Supplied data Block Start

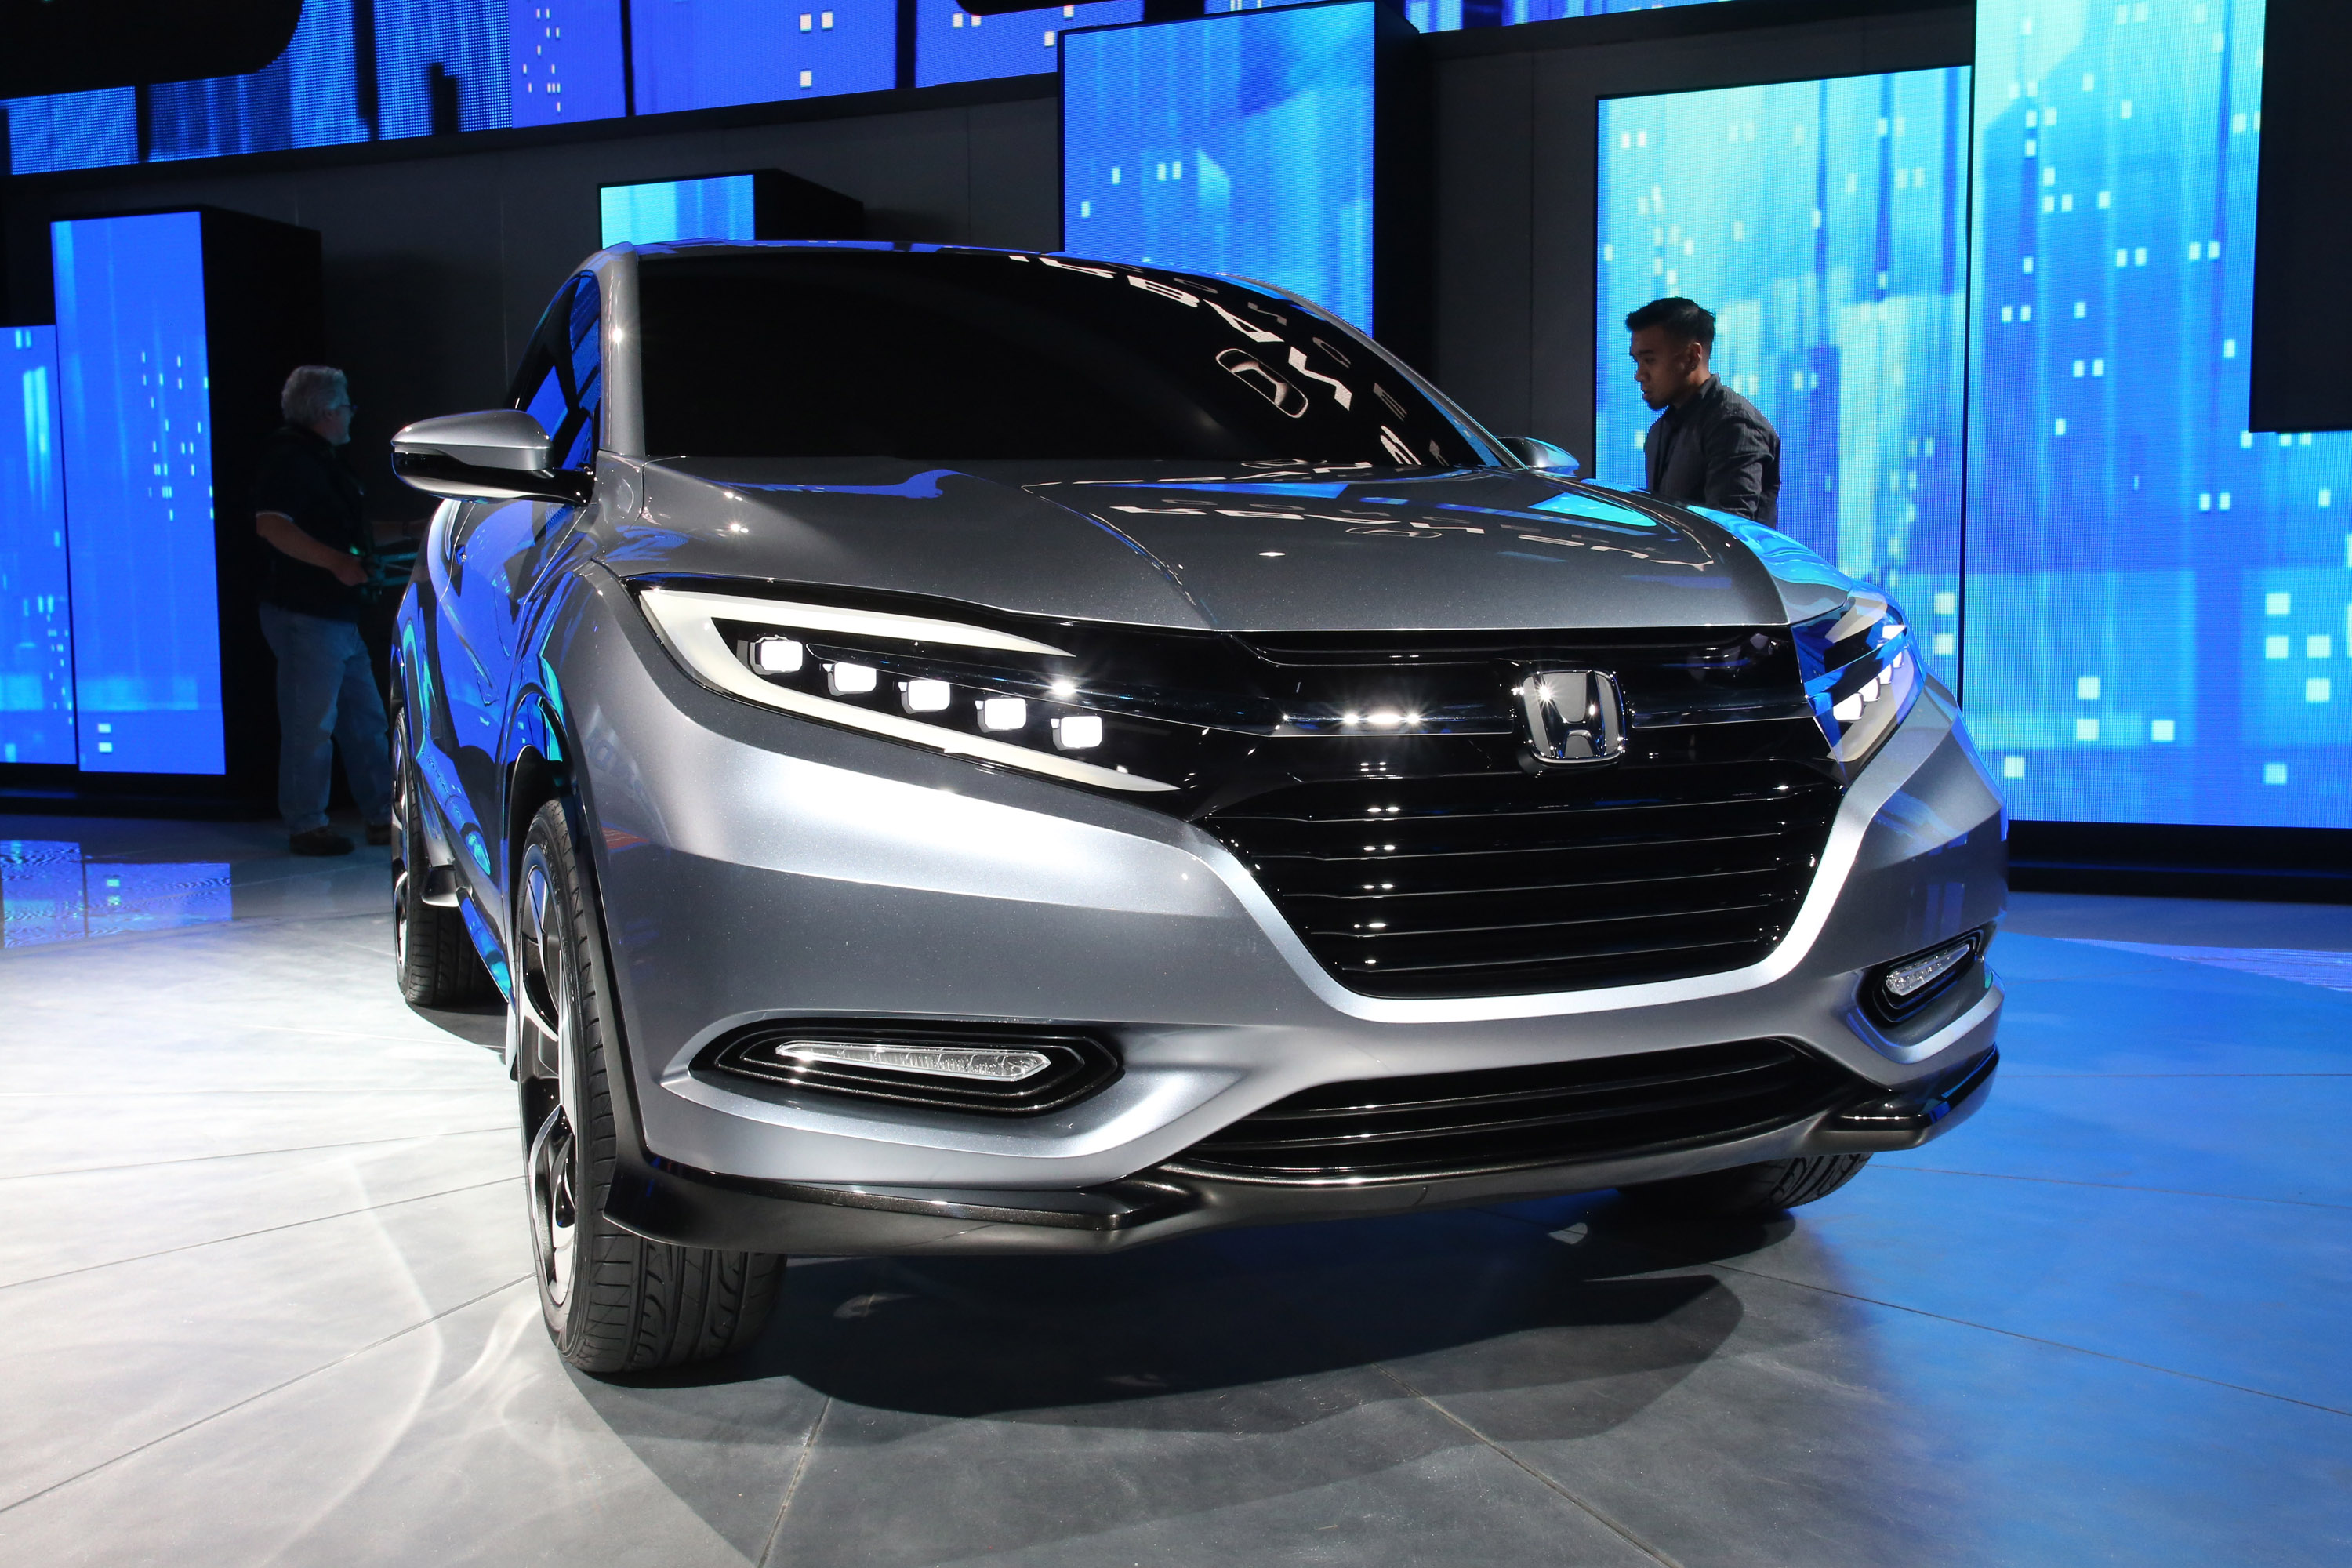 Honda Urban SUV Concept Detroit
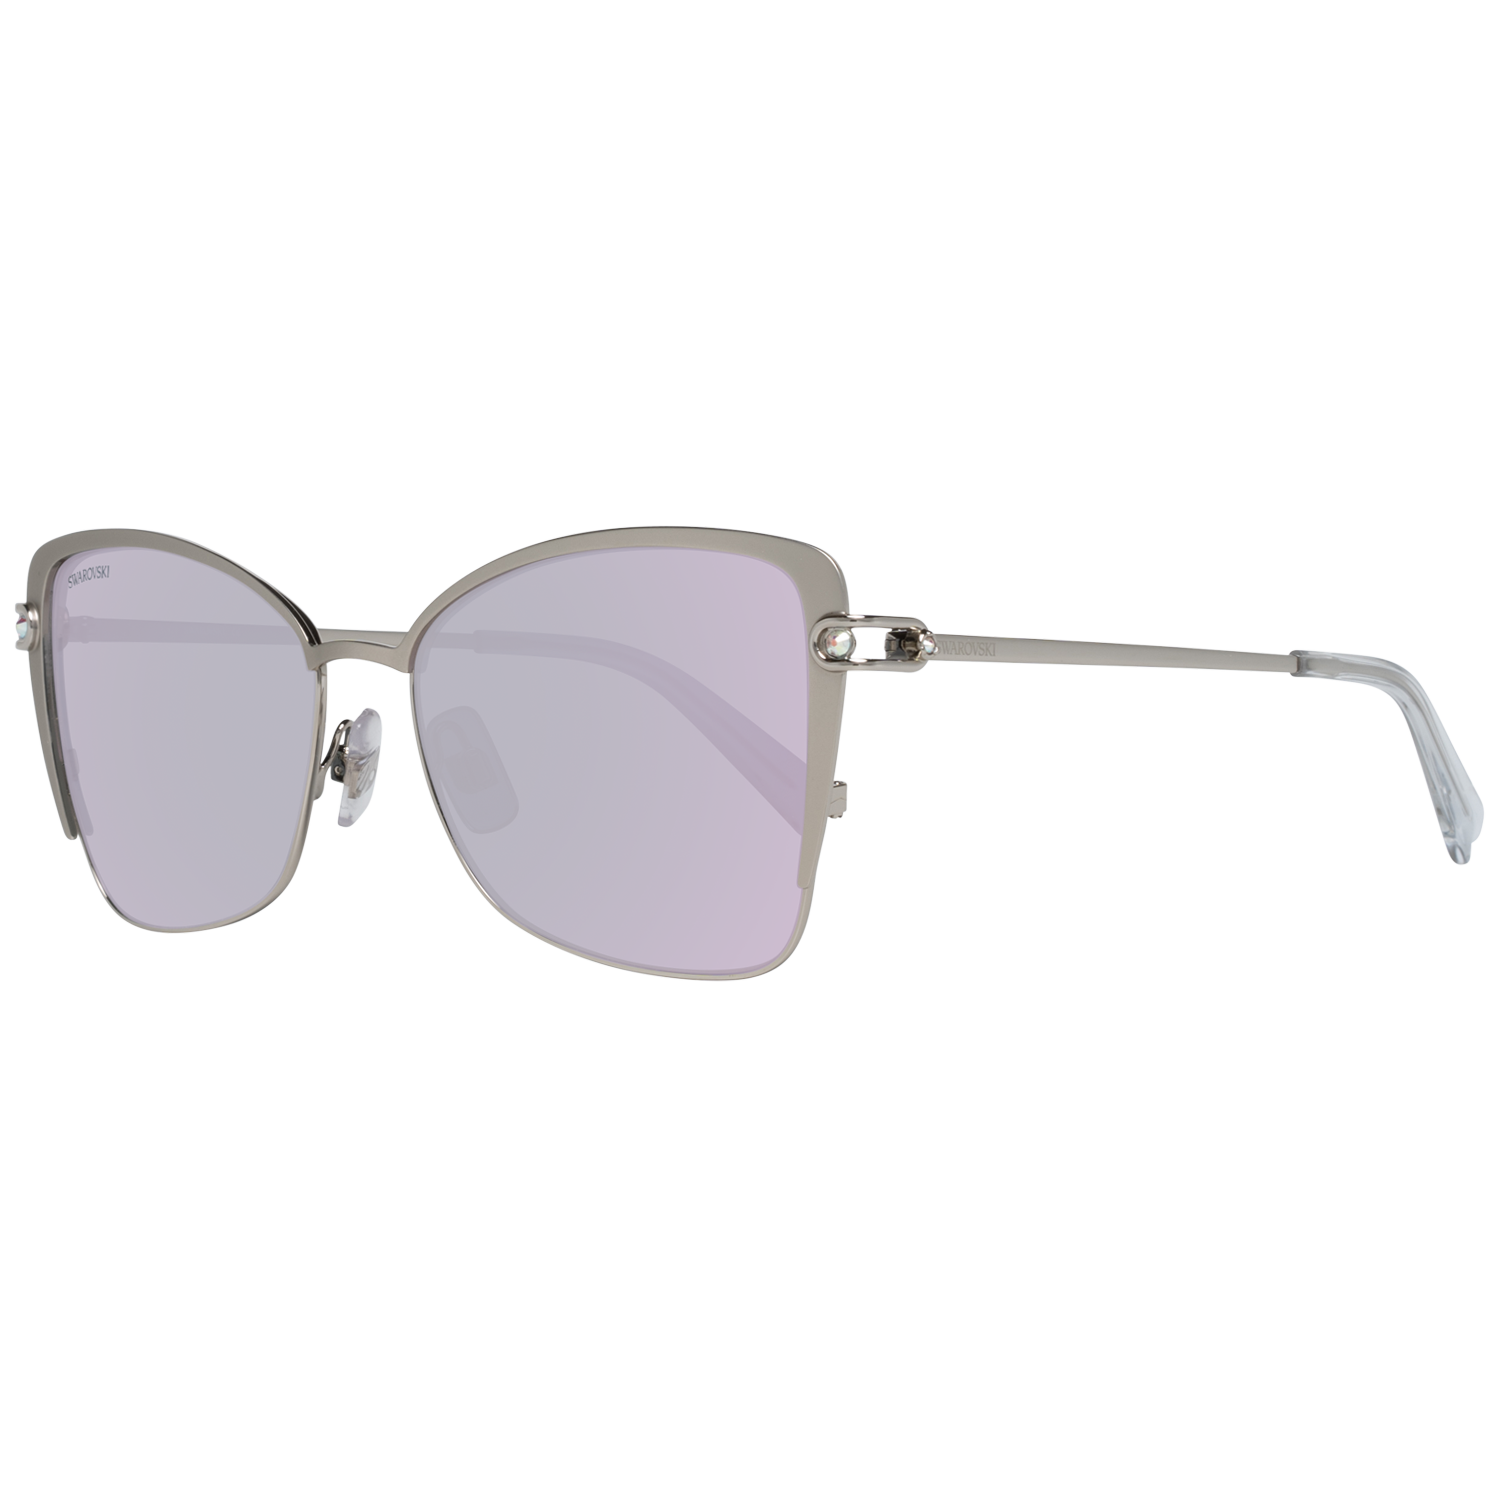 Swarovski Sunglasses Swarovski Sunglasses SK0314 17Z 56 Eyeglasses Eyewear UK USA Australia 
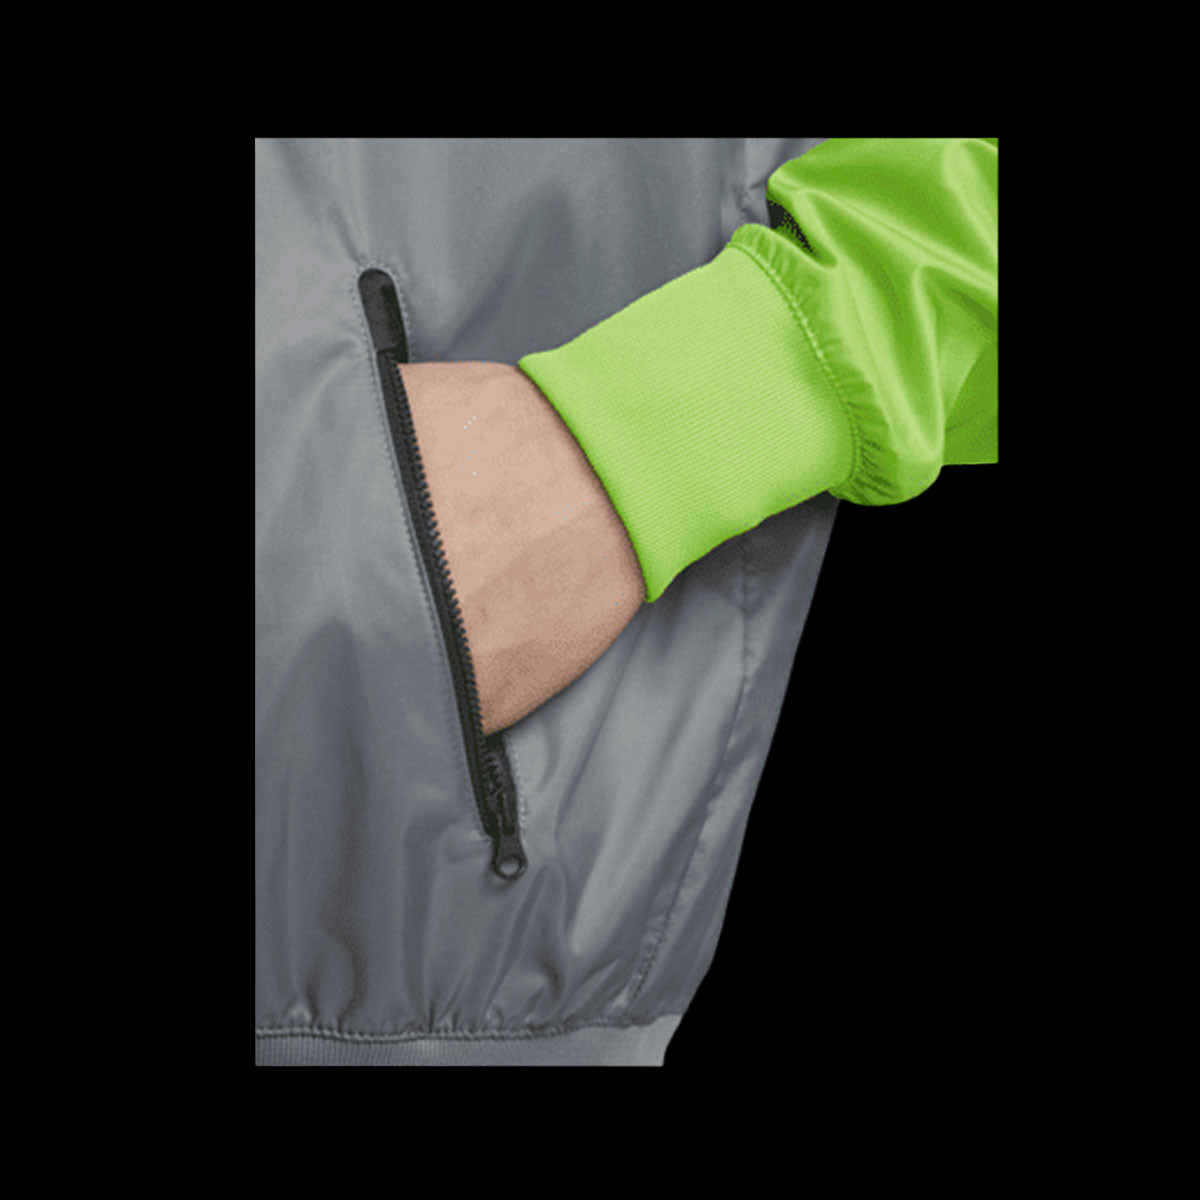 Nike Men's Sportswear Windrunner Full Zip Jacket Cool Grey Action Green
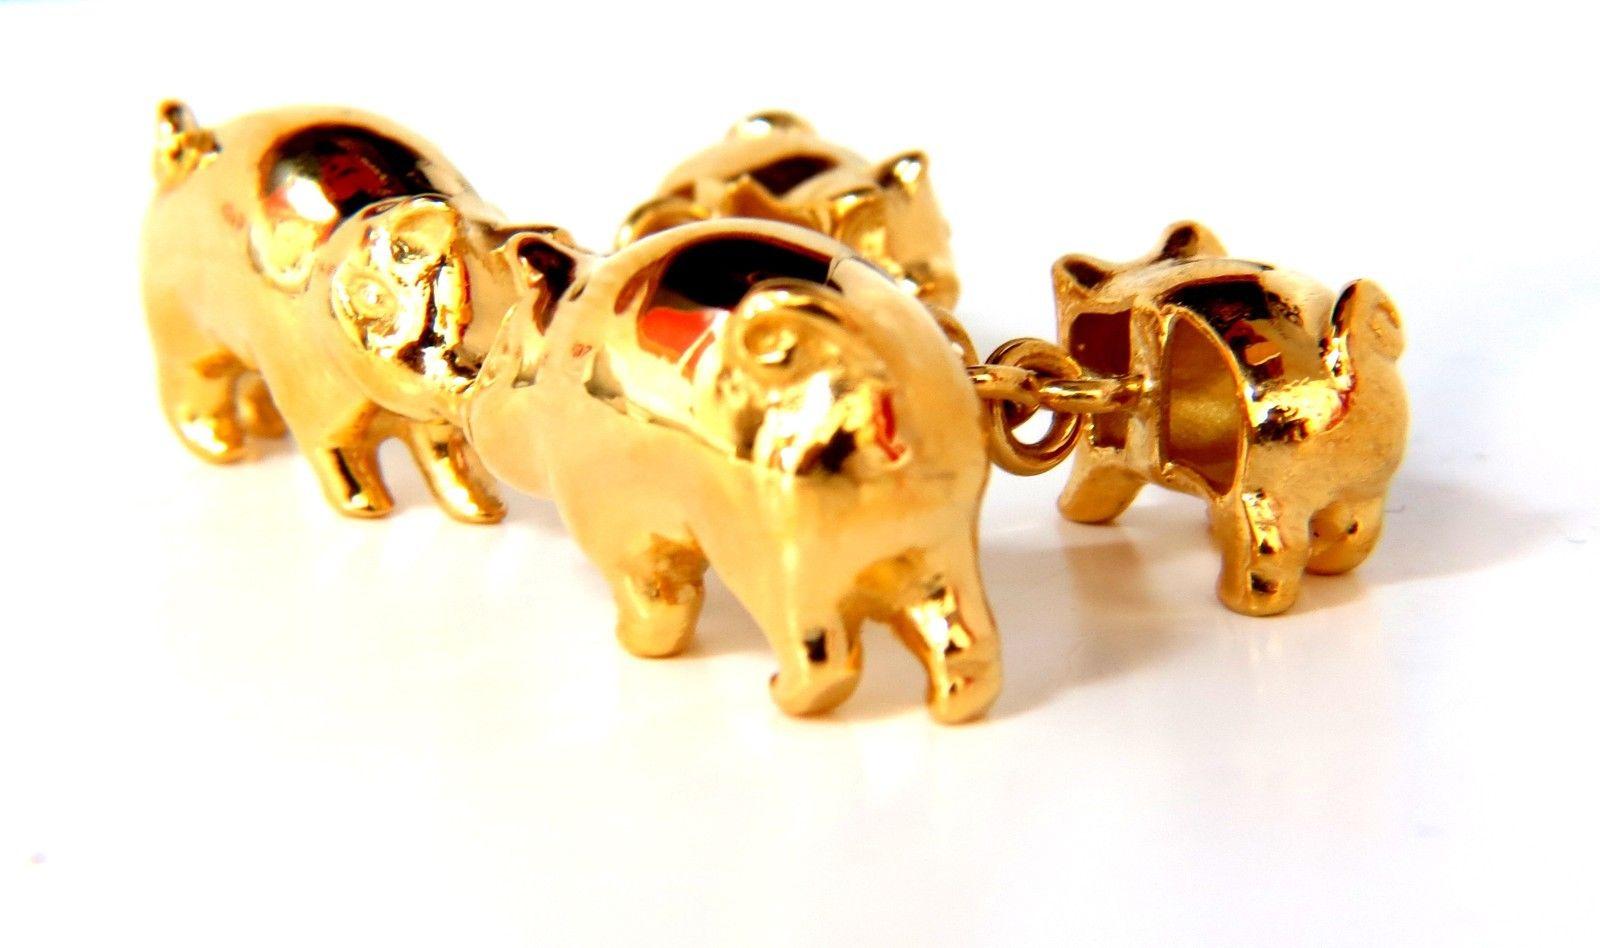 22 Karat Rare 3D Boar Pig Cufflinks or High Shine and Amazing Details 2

Supplied data Block End

What the task asks:
When you repeat the lines above, keep them exact and leave out each image they contain.

Answer for this exercise:
 Honda Urban SUV Concept Detroit
 Swarovski Sunglasses Swarovski Sunglasses SK0314 17Z 56 Eyeglasses Eyewear UK USA Australia 
 Nike Men's Sportswear Windrunner Full Zip Jacket Cool Grey Action Green
 22 Karat Rare 3D Boar Pig Cufflinks or High Shine and Amazing Details 2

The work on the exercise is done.